(WHAT TO PRODUCE)
What you give back from the listing below should be an exact copy of the lines from the one with "Mohammed Abadla's profile banner" down to the one with "Jacques Androuet Du", and it should contain no pictures.

(DATASET RECORDS)
________________
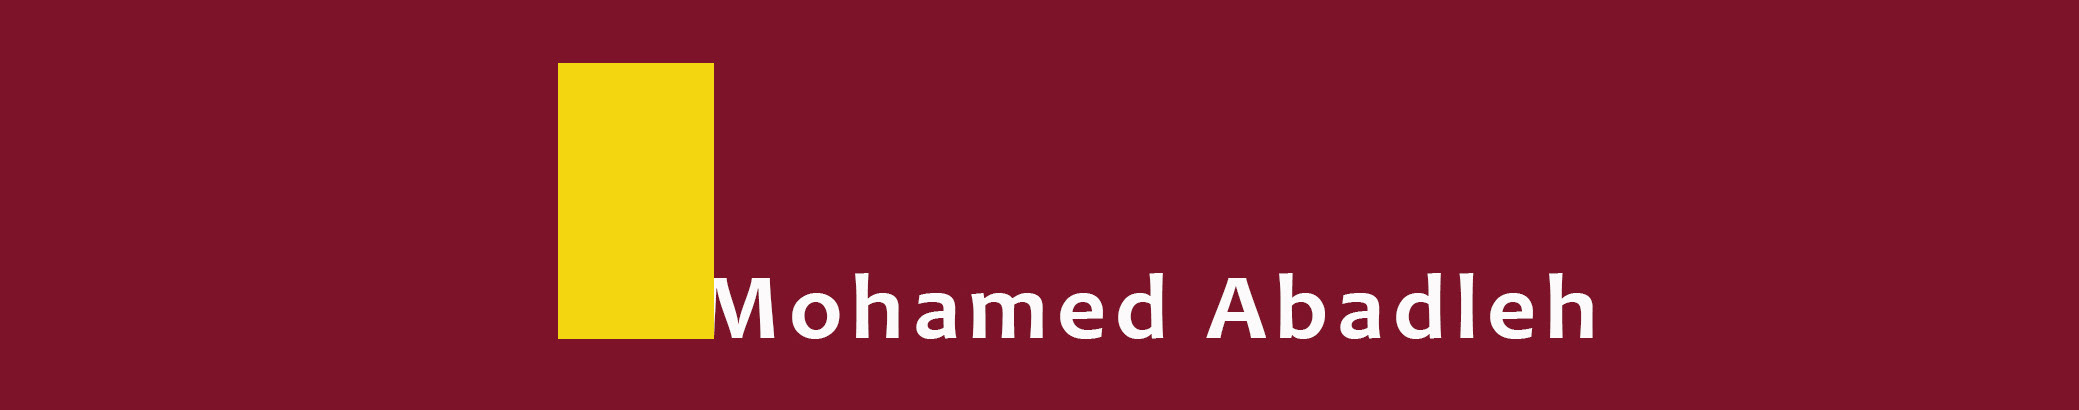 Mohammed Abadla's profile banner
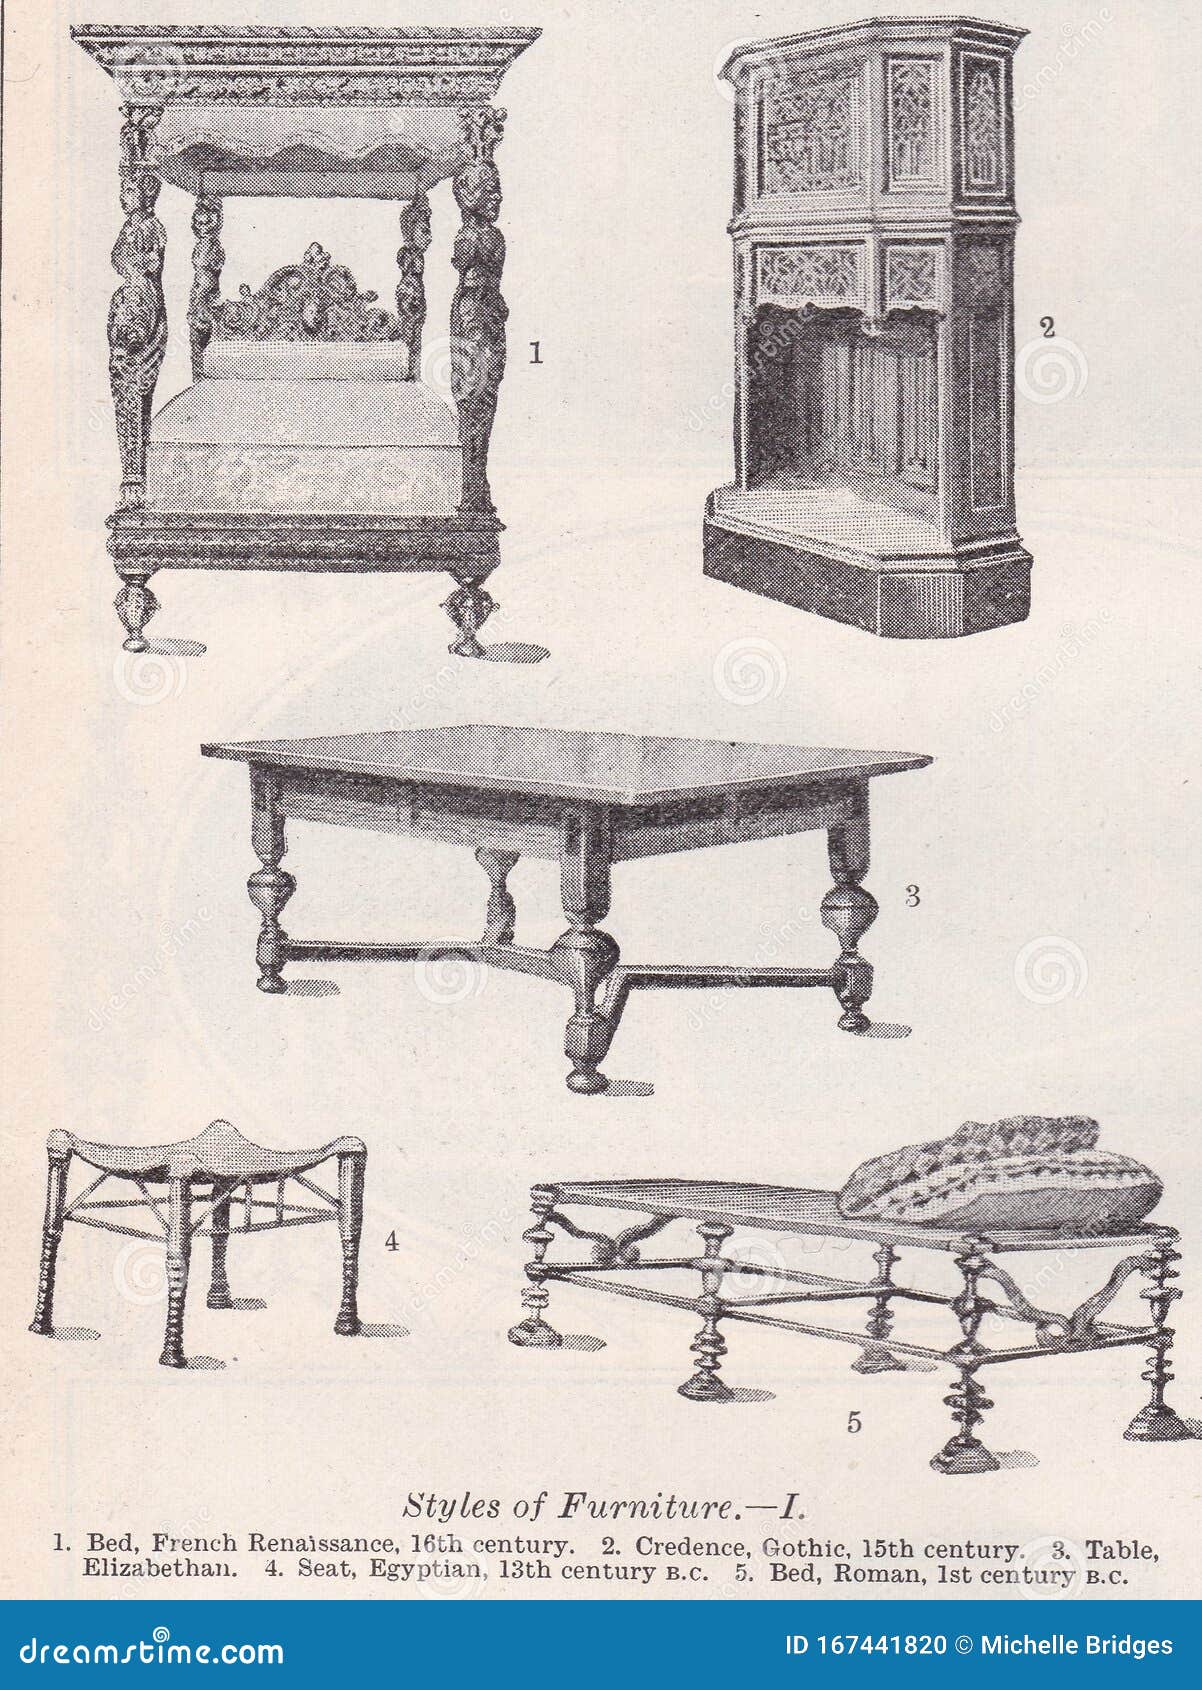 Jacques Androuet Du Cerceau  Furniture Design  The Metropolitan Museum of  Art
________________
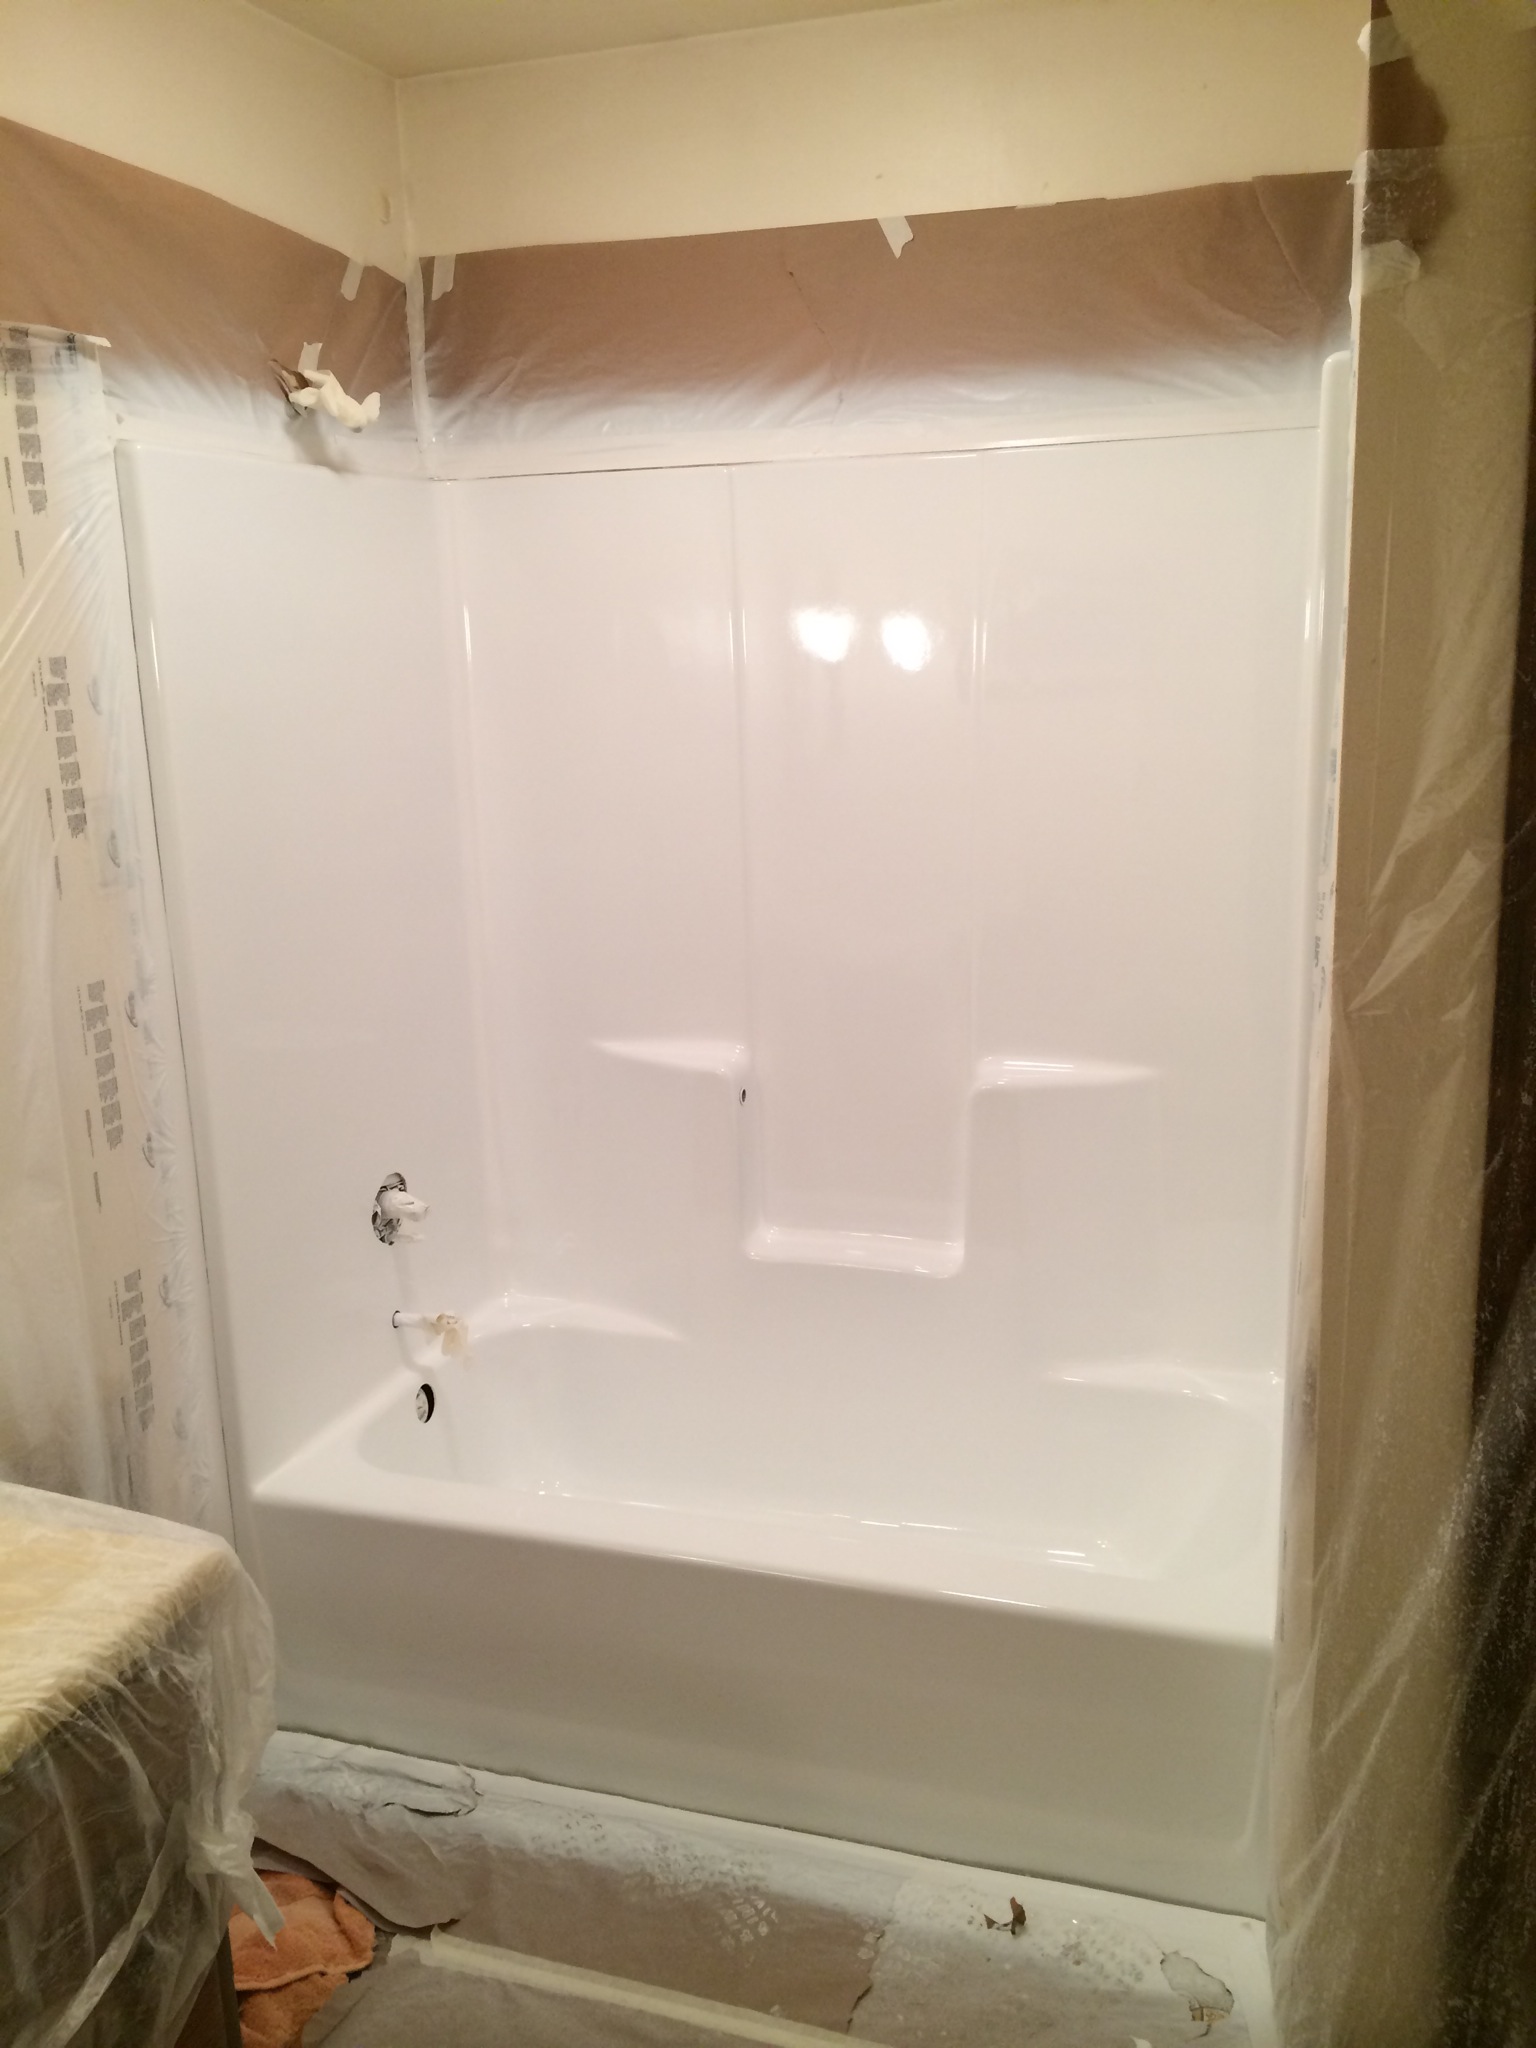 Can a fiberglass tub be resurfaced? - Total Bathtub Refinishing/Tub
________________
(WRITTEN ANSWER)
 Mohammed Abadla's profile banner
 Jacques Androuet Du Cerceau  Furniture Design  The Metropolitan Museum of  Art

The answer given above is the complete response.